I have a 36"x18"x36" exo terra terrarium set up for my two azureus. I'm getting an African millipede. I'd like to have it in the frog terrarium. Does anyone see any potential harm in doing this? Thanks for the input.


----------



## kimcmich (Jan 17, 2016)

Greetings,

African millipedes are really neat - but they are also rather voracious herbivores (and will scavenge omnivorously - possibly on eggs). The plants in your tank will likely get chewed-on even if you supply the millipedes with other food (they really like cucumber, FYI). They'll nibble on your moss and wood - and may take to scouring your wood if they like the taste. 

Giant millipedes also tend to be shy during the day and they really don't like bright light at all so you might not see them very often if you have a well-lit frog viv unless you have some _deep_ shade areas. Millipedes are also heavy (much heavier than a frog) and will explore every inch of your viv and likely dig into the substrate. Their weight and activity might disrupt your more delicate plants, ferns, mosses etc.

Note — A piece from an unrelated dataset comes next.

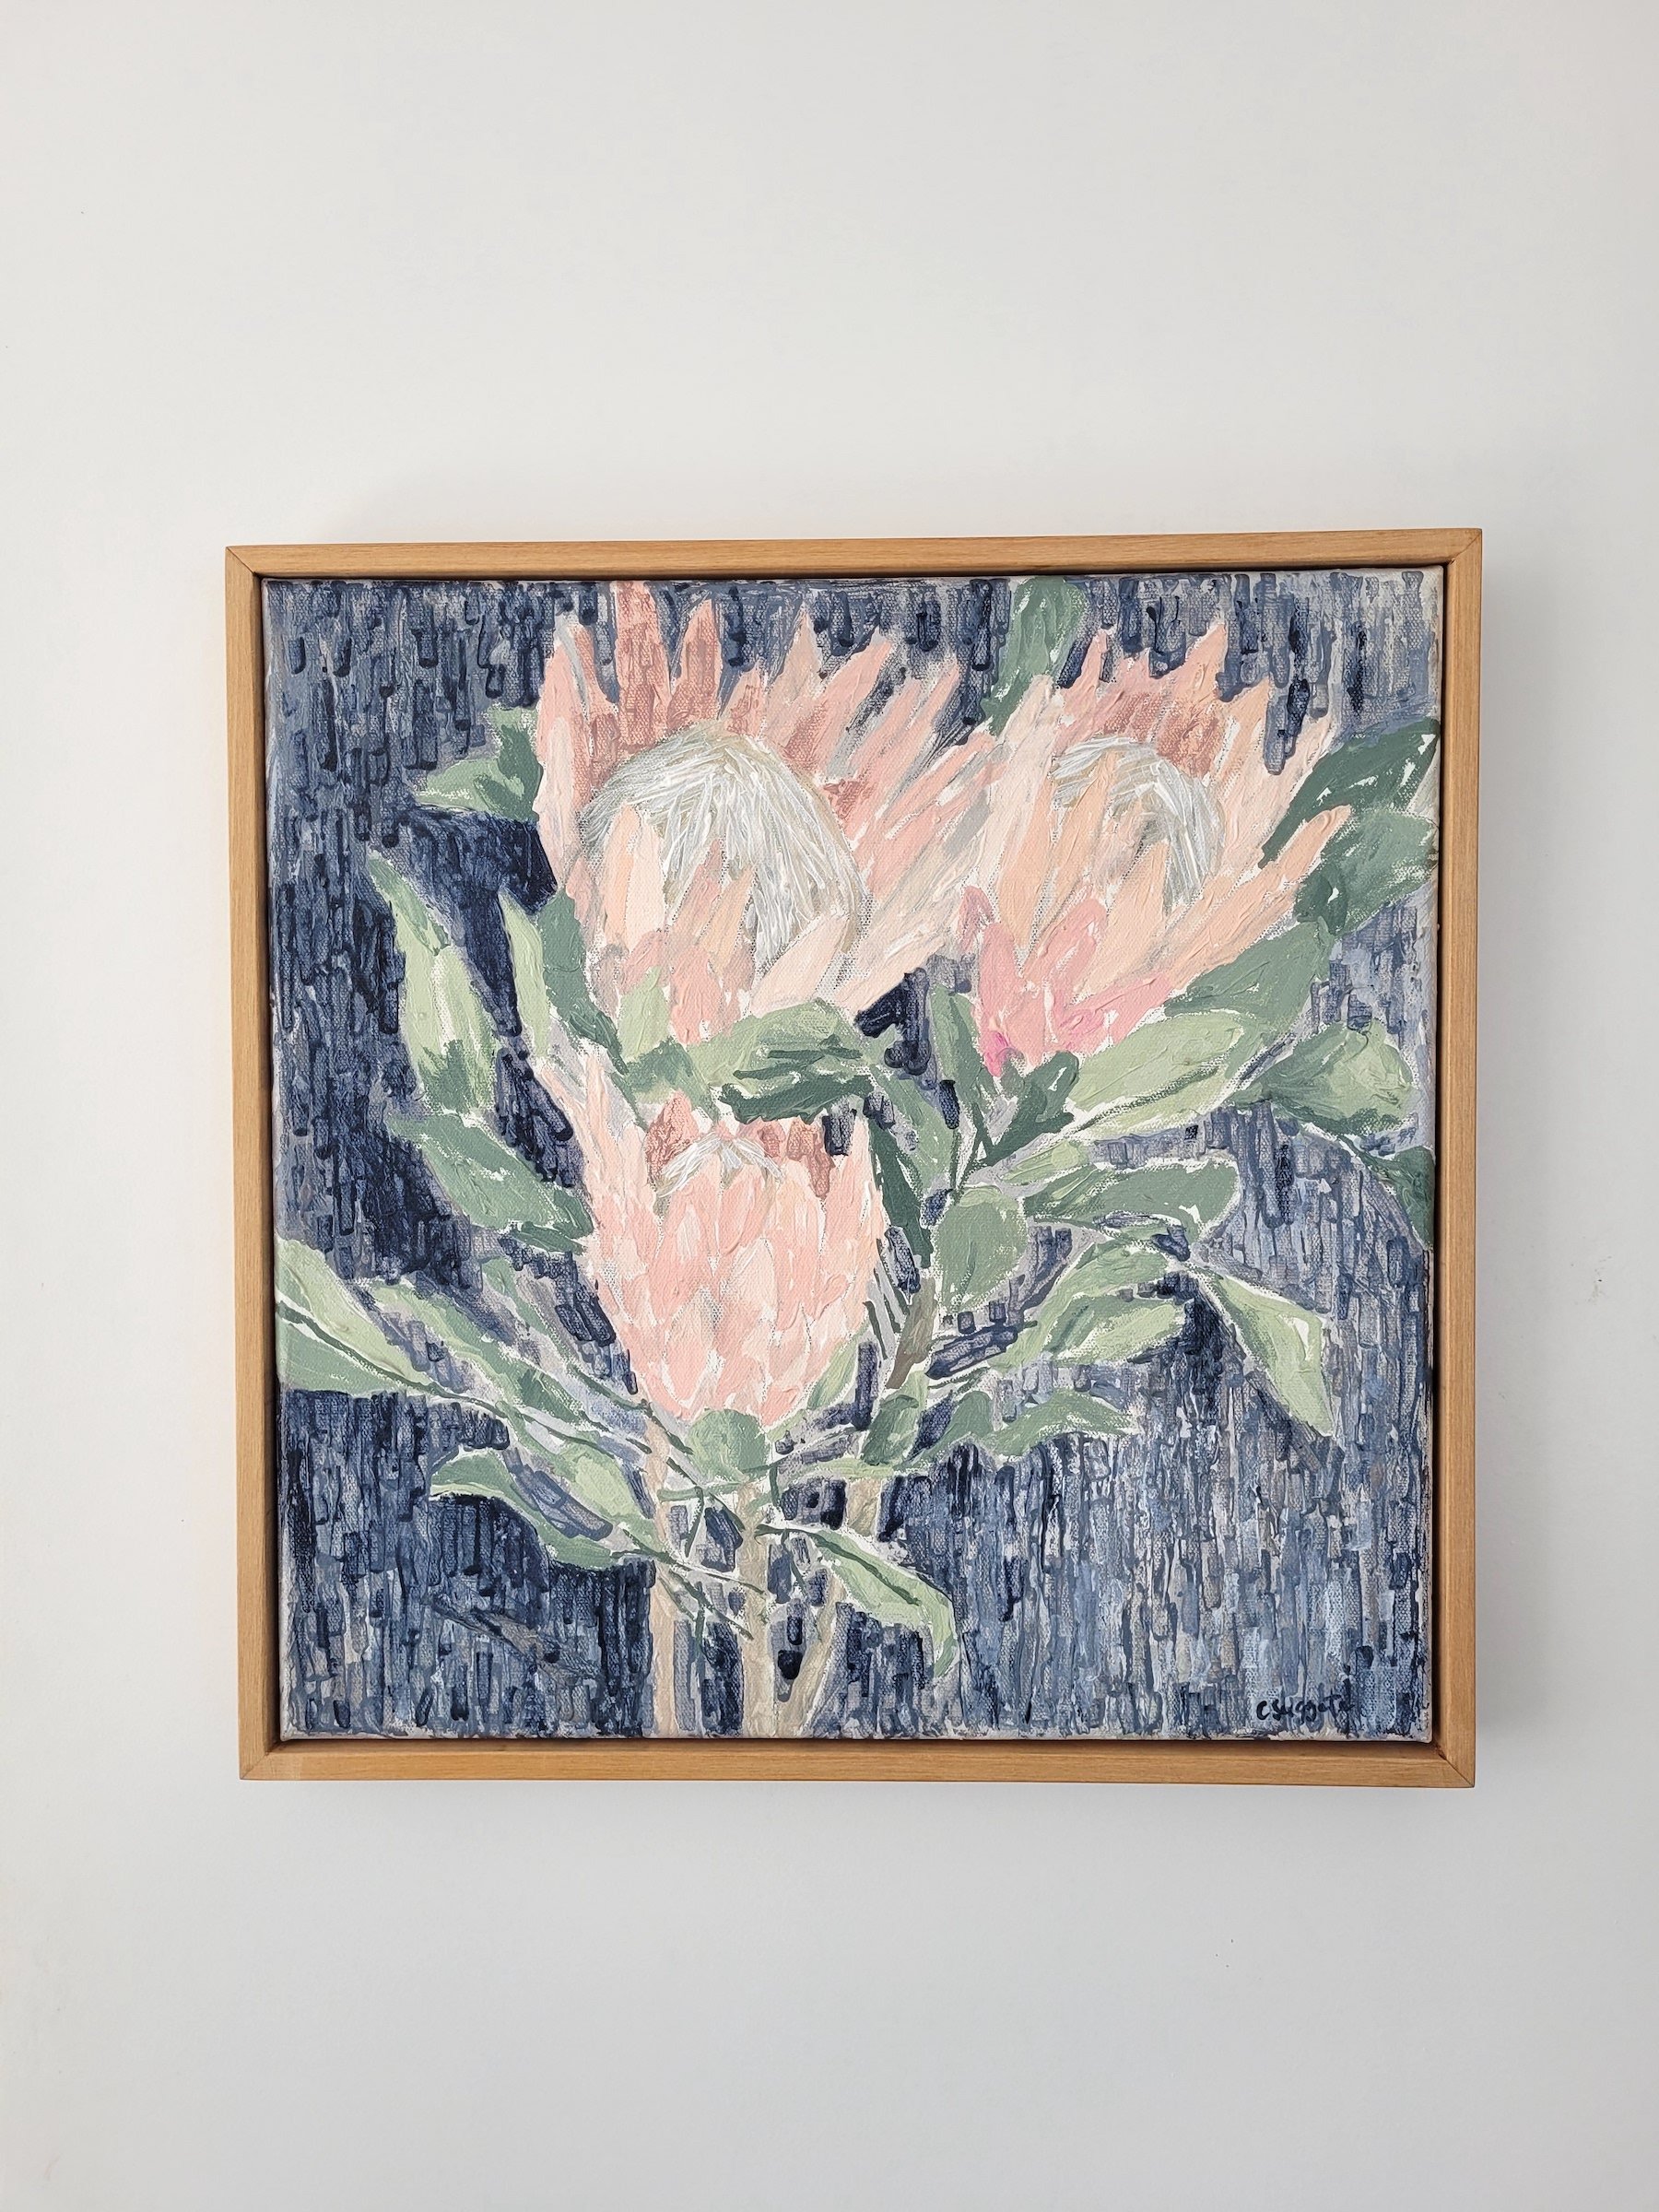 New Zealand floral and abstract Art for Sale — Charlotte Suggate

I've kept Giant millipedes with bromeliads and ferns. While they did not devour these plants, they did slowly nibble away all the fern fronds. The bromeliads faired better - but even they had shredded edges on all the leaves.


----------



## Gibbs.JP (Feb 16, 2016)

I can't answer about the millipede, but I'm working on the same tank for the same frogs and am curious how yours looks. Could you post some pictures? TIA!


----------



## Adsweds83 (Nov 18, 2020)

I was going to get millipede also for my tank but glad j havent now, thankyou for the info


----------